Babaannem, İncir Ve Sema Kaygusuz Şiiri ...

A. Esra Yalazan
198

ŞİİR


3

TAKİPÇİ

Ben babaannemi hiç görmedim. Teninin kokusunu, sesinin tabiatın içinde nasıl yankılandığını bilmiyorum. Sonsuza kadar genç kalacak o genç yüzden yayılan yumuşak ışığın şefkatiyle avunmadım hiç. Bazen onu hayallerimde yeniden yaratıyorum. Zayıf bir dal gibi kırılabilen narin parmaklarıyla saçlarımı örerken iyilikle yıkanmış hikâyeler mırıldanıyor. “Neden o kadar acele ettin” diye fısıldıyorum kulağına. Bir çöl haritası gibi dalgalanan geniş alnının altındaki ince kaşlarını çatıp, “böyle soruların bir tane cevabı olmaz ama bak içinde ihtiyar bir kadın yaşatan o genç yazar ne güzel söylemiş, ‘gitmek diye bir şey yok, sadece çağrılmak var’, etkilendin o cümleden değil mi” diye takılıyor bana. “Sen nereden biliyorsun kalbimizi aydınlatan o cümleleri, oradan içimizi görebiliyor musun” diye huysuzlanıyorum.

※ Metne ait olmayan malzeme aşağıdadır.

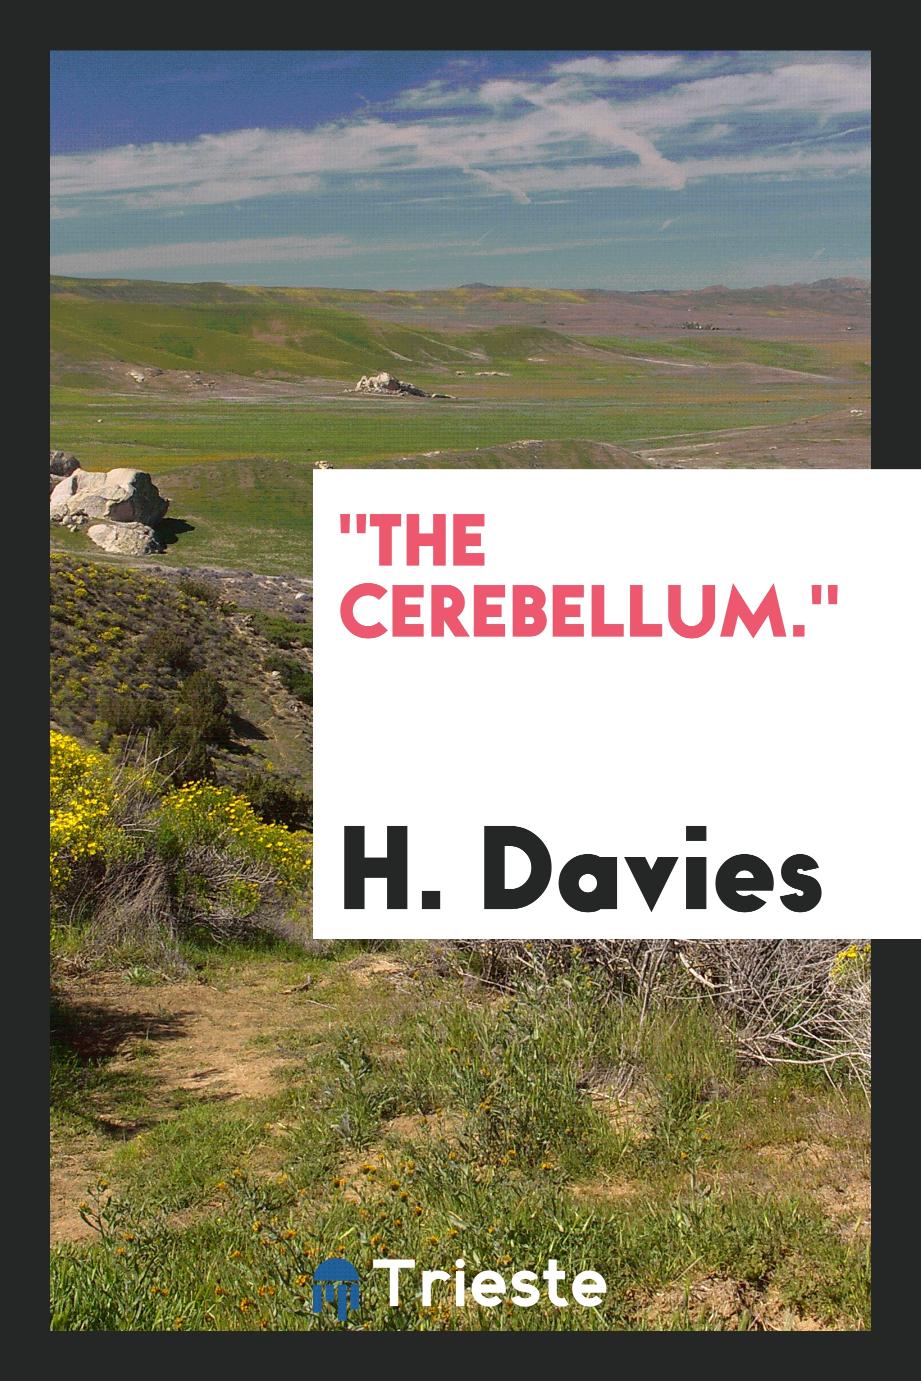 "The Cerebellum."
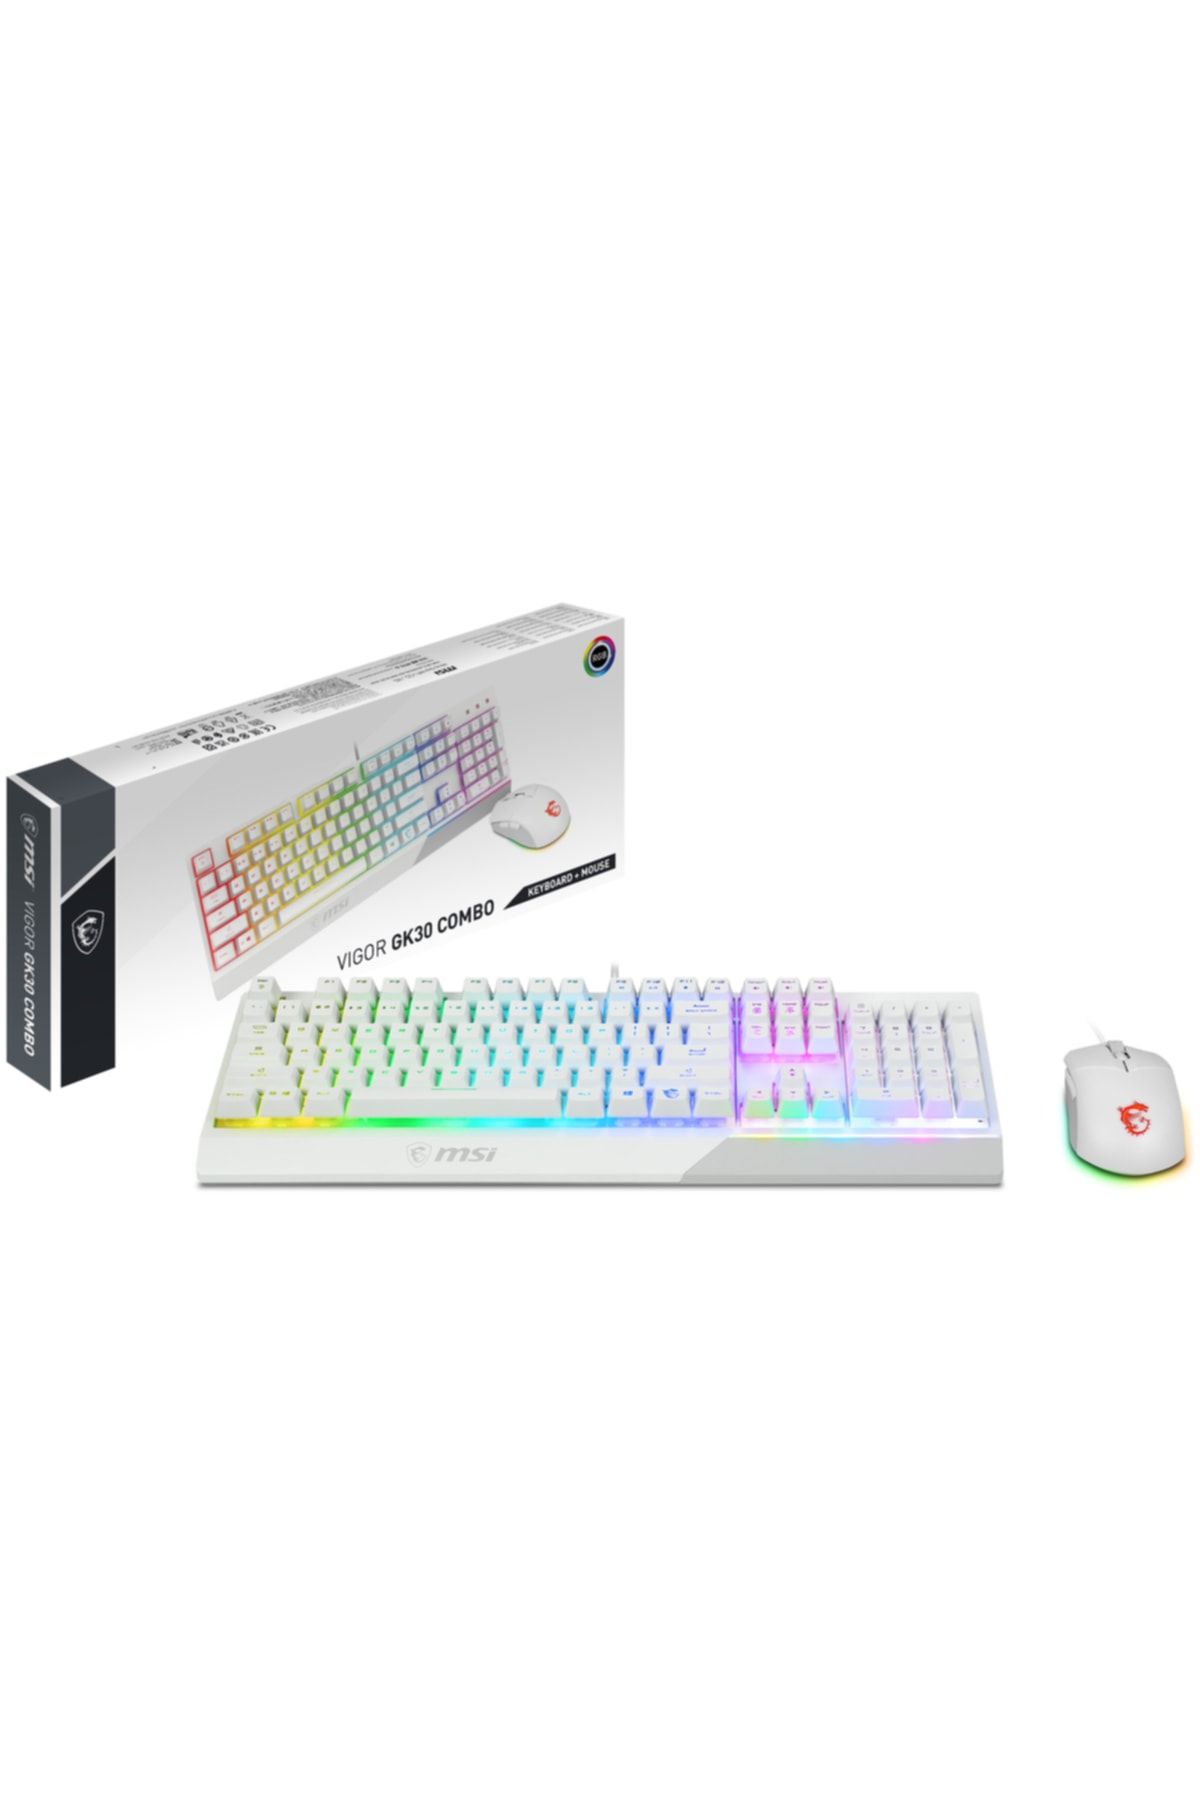 MSI Vigor Gk30 Combo White Rgb Türkçe Clutch Gm11 White Gaming Klavye Mouse Set Beyaz

Söylenmeye başlayınca babamın ondan ödünç aldığımı iddia ettiği leylek bacaklarıyla kanatlanıp uçuveriyor...

Babam onu Ereğli’deki çiftliğe yolcularken “çocuklar gibi ağaçların tepesine tırmandığını biliyorum. Yapma sakın, bırak başkaları toplasın meyveleri” demiş. Arada onu ziyarete gittiğinde ağaçtan kendi elleriyle incir toplayıp babama yediriyormuş. Babam onu “öleceksin, neden bunu yapıyorsun” diye uyarmış. Sonra bir gün askerdeyken çağırmışlar. “Annen incir ağacından düştü” demiş telefondaki o kırık ses. İçinden çıktığı kadına kavuşuncaya kadar onu yeryüzünde yalnız bırakıp gitmemesi için yolda bildiği bütün duaları etmiş. Babam bu hikâyeyi hep aynı basit sözcüklerle anlatır. “Ben gidene kadar bekledi. Elimi tuttu, gözlerini açıp yüzüme baktı, derin bir nefes aldı ve gözlerini kapadı.” Bütün meyveleri kimsesiz çocukları okşar gibi seven babamın neden inciri sevmediğini bilmiyordum. Önce ‘zehirli ağacın’ hikâyesini öğrendim, sonra içinden şehvet akıtan o mor meyveyle barışmasına tanık oldum. Ve sonunda ben de derin bir nefes aldım. “Çok şükür, o kendi tanrısını affetti” dedim. Hayata devam edebilmenin unutmakla ilgili değil bağışlamakla ilgili olduğunu eğilip bükülmeye başlayan sezgilerimle keşfetmiştim çünkü.